The relative contributions of dietary fat to VLDL-TG palmitate in both the fed state (observed at midnight, 6 hours after the dinner meal) and the fasting state were similar between LowLF and HighLF groups at baseline, and surprisingly, in the HighLF group after weight loss, the liver appeared to take up chylomicron remnants and recycle the lipid to VLDL at a slightly higher rate (Figure 6). The proportion of fatty acids in VLDL-TG that remained unlabeled after isotope administration was reduced 66% after weight loss (P = 0.003; Figure 6). We interpret this result to be due to lower availability of hepatic-TG stores used for VLDL synthesis. Taken together, the data suggest that when DNL is elevated it exerts an additional lipid burden — it does not displace other fatty acid sources for inclusion into VLDL-TG but instead adds to them by increasing the re-esterification of all sources of lipid. This effect results in hepatic lipid excess and hypertriacylglycerolemia. If correct, this suggests that energy restriction and weight loss–induced reductions in nutrient overload in the liver are associated with (a) peripheral usage of glucose, which would serve to lower liver substrates available for DNL; (b) FFAs being routed away from hepatic storage and toward VLDL secretion; and (c) loss of previously stored hepatic TG, presumably depleted via increased hepatic oxidation.

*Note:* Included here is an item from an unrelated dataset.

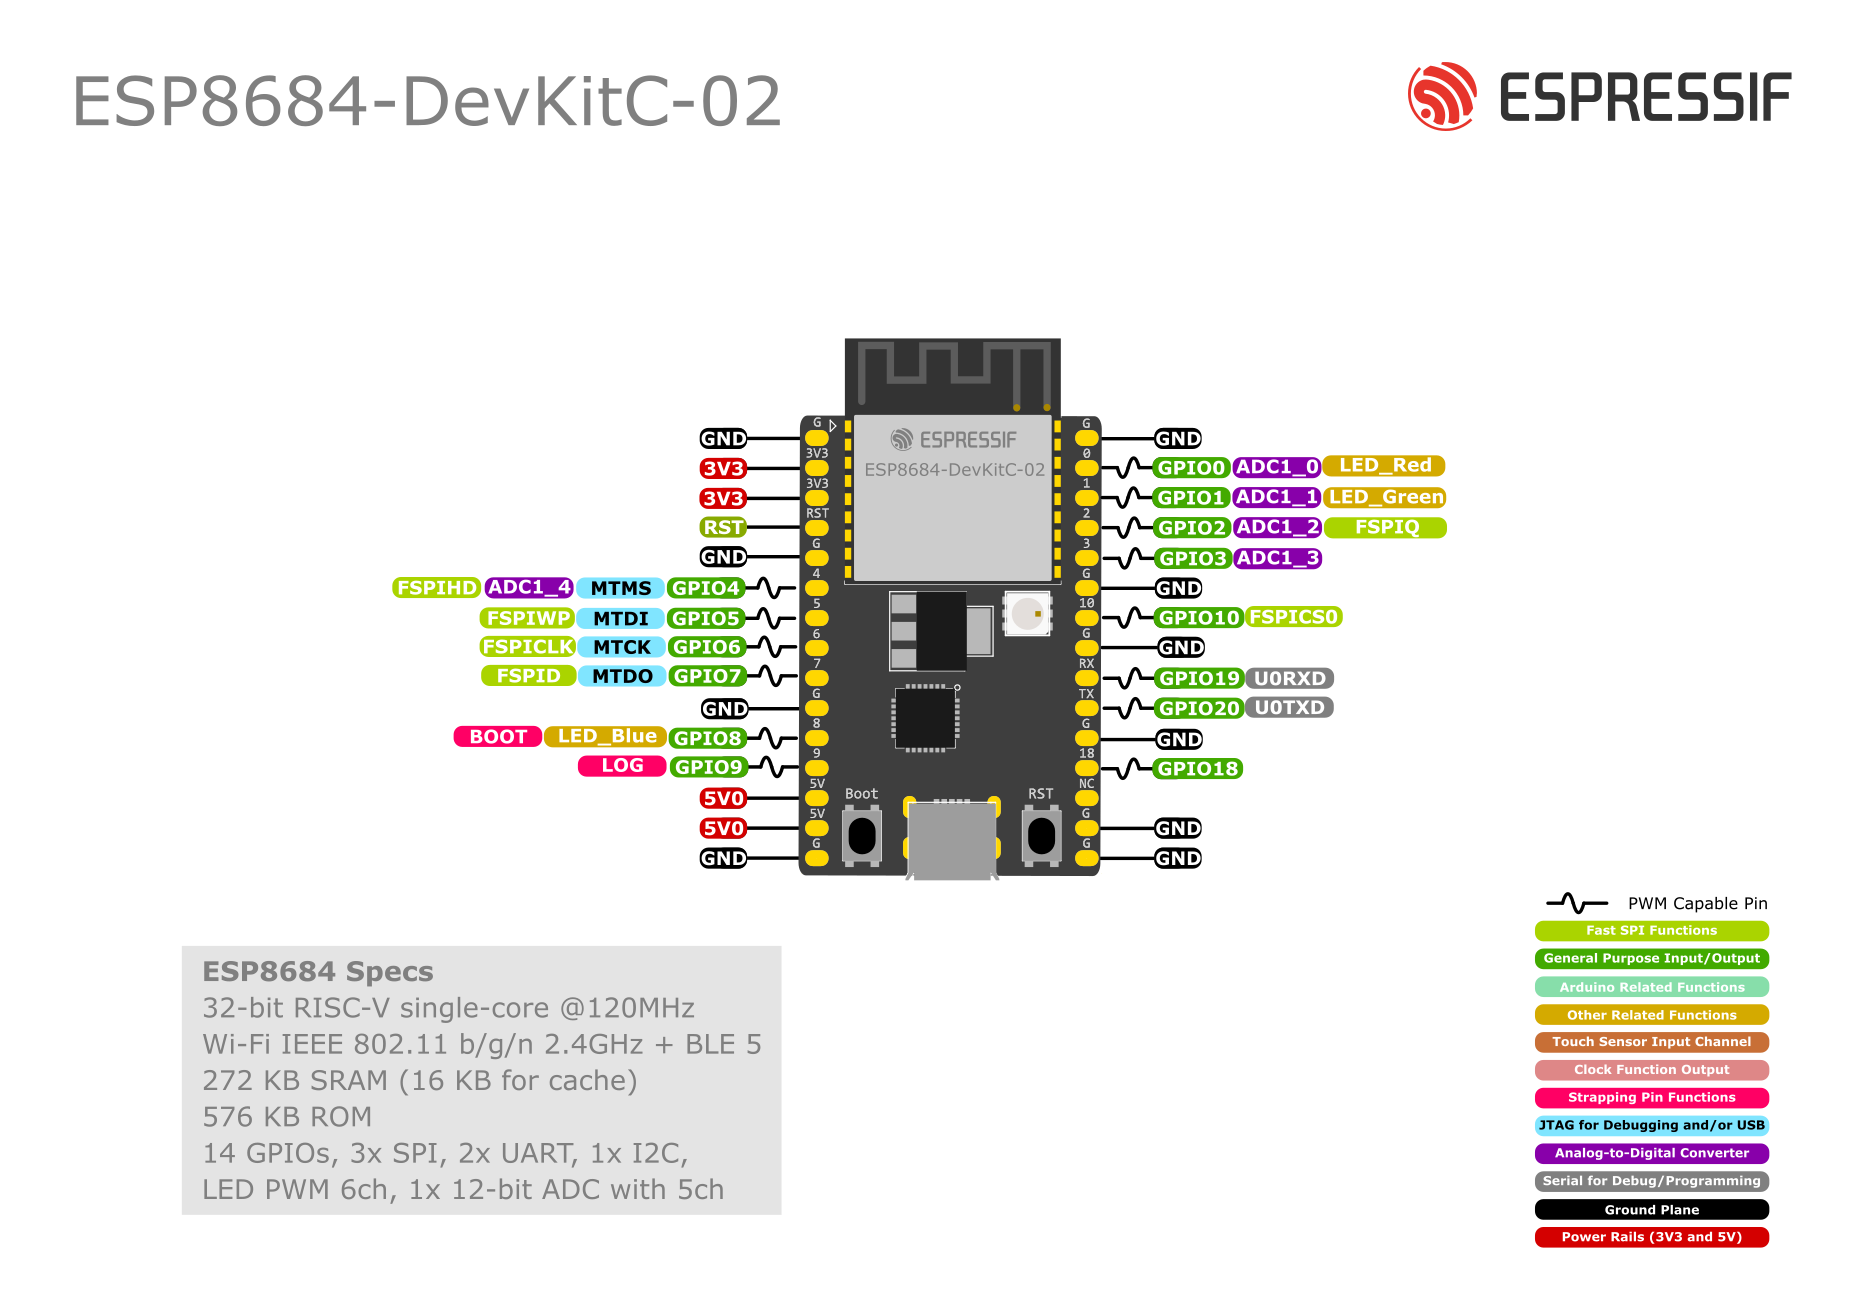 ESP8684-DevKitC-02 (click to enlarge)
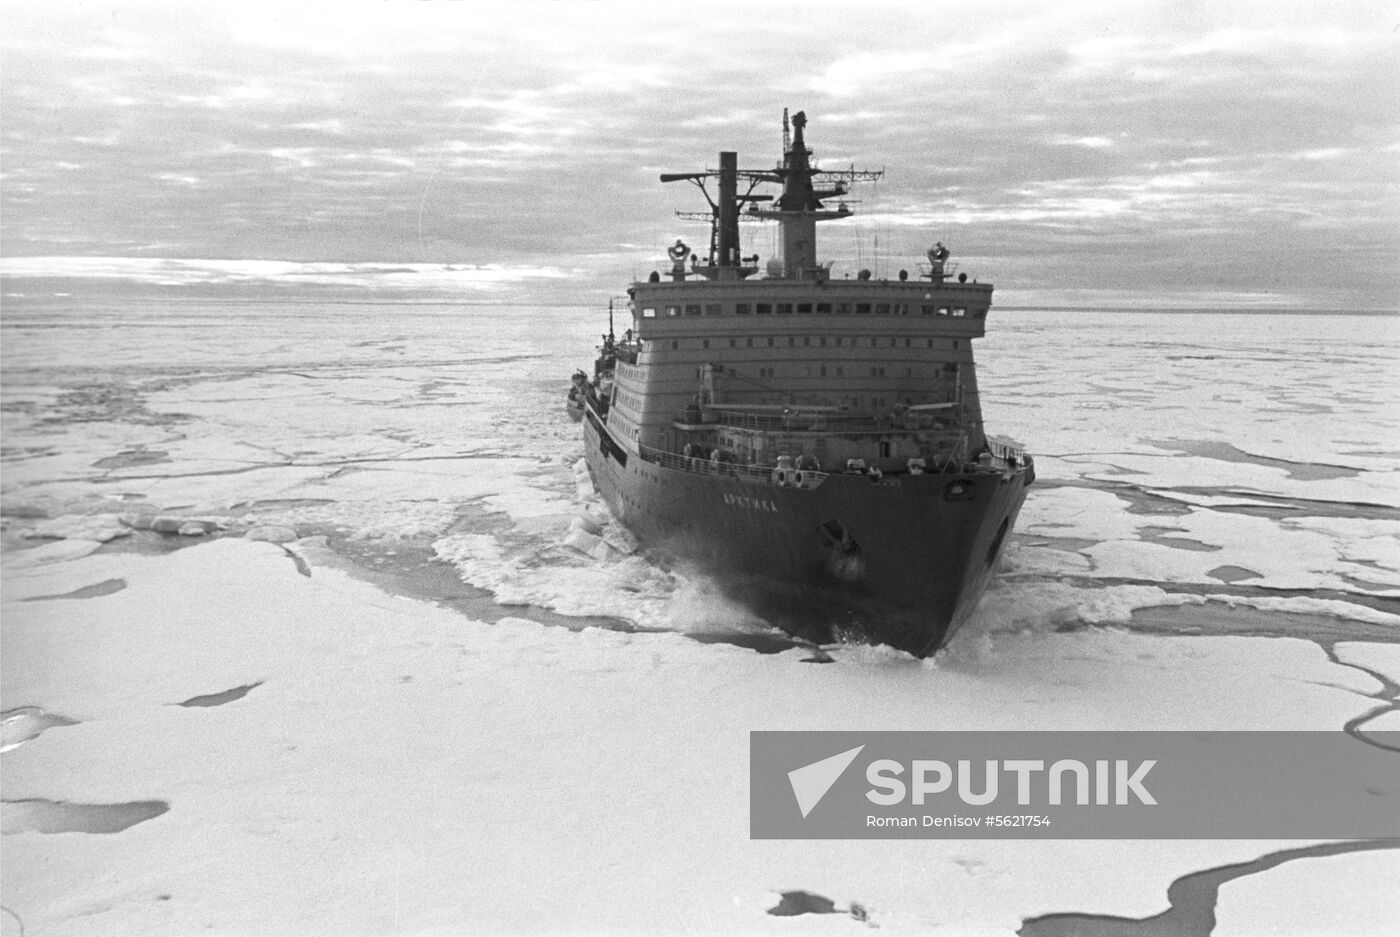 The Arktika nuclear-powered icebreaker

The lack of increase in RaFFA may appear a paradox, because it might seem obvious that a principal way a person can lose body fat is if it comes out of the adipose tissue to be burned by the body. However, in the HighLF group, we estimated that the magnitude of the increase in daily adipose RaFFA needed to produce the observed 5.1 ± 0.8 kg reduction in adipose mass cover 6 months was 70 ± 11 μmol/min. This amount is small compared with the turnover of plasma FFAs (~300–400 μmol/min; Figure 5, A and B), and thus this change may be difficult to detect. Using the calculations of Magkos et al., our sample size should have been sufficient to detect such an increase in RaFFA (42). Another peripheral mechanism that would support loss of adipose depot sizes without a substantial change in RaFFA would be if the dietary treatment reduced adipose-TG synthesis. This mechanism was likely, given the lower insulin concentrations produced by weight loss, which would serve to reduce both intra-adipocyte lipogenic enzymes and lipid clearance to adipose tissue (43).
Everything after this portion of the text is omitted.